As for the EFSF funds, it's long been suggested that bank recap funds could be chanelled to Athens under the 'right' circumstances and apparently imminent default is as good an excuse as any. Citi has more on the EFSF funds:
The interim proposal would likely allow Greece to use part of the €10.9bn from the original Hellenic Financial Stability Fund (HFSF) designated for Greek bank recapitalization, and later transferred back to the EFSF/ESM. Various media outlets have reported on the possibility that around €9bn could be used for current expenditure, in line with our estimates of the financing needs of the Greek sovereign for 3Q. Although a unanimous agreement will be required at the ESM board level to redirect the resources away from its banking recapitalization objective, we believe that a deal is likely to be found. The release of such funds would allow an extension of the current programme for several months, while giving more time for creditors and the Greek authorities to complete the negotiations for a third aid programme. It could also convince the ECB to increase the T-bill ceiling and the SSM to raise the ceiling on the exposure of Greek banks’ to their sovereign. All this however remains conditional on the approval of the ‘interim’ package by the Greek Parliament as well as by various national parliaments (in Germany, the Netherlands and Finland among others).

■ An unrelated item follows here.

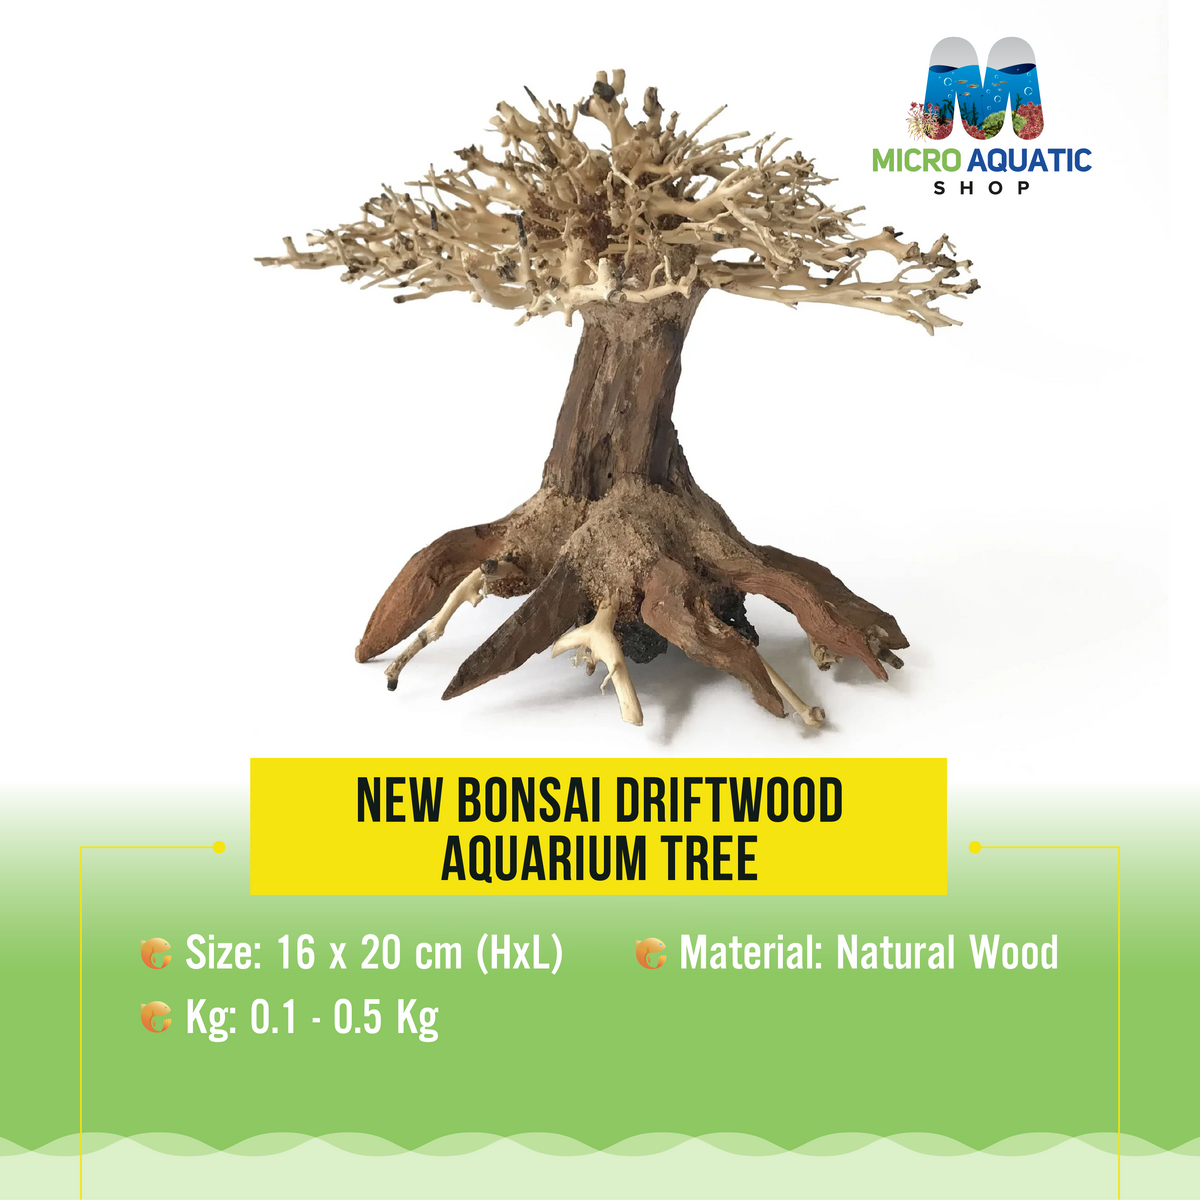 New Bonsai Driftwood Aquarium Tree

German Chancellor Angela Merkel implored Tsipras to accept what she calls a “generous” offer and has been adamant that a deal must be struck by the time the market opens on Monday which effectively means that EU finance ministers will need to strike an agreement at tomorrow’s Eurogroup meeting which starts at 2 pm local time. “I spoke today about a very generous offer because we simply have moved a step toward Greece, also with respect to the February agreement,” Merkel said.
In the wake of this morning’s news, the rhetoric from Tsipras has only hardened with the Greek PM pledging to uphold the democratic values upon which the euro was founded and to not accept “blackmail” (which of course is rather ironic, considering Merkel said precisely the same thing with regard to the Greek on Thursday):
Document of proposals presented to the Greek side by the institutions is “worse than a memorandum,” ANA reports, citing Greek govt officials in Brussels.Greek Prime Minister Alexis Tsipras says he will defend the European Union’s founding principles of “democracy, solidarity, equality, mutual respect” as he seeks an agreement with international creditors to unlock aid for the country.“These principles were not based on blackmails and ultimatum, and especially in these crucial times no one has the right to put in danger these principles,” Tsipras tells reporters in Brussels after an EU summit“The Greek government will continue decisively to give the fight in favor of these principles, to continue to give the fight on behalf of the European people and of course on behalf of the Greek people,” he says.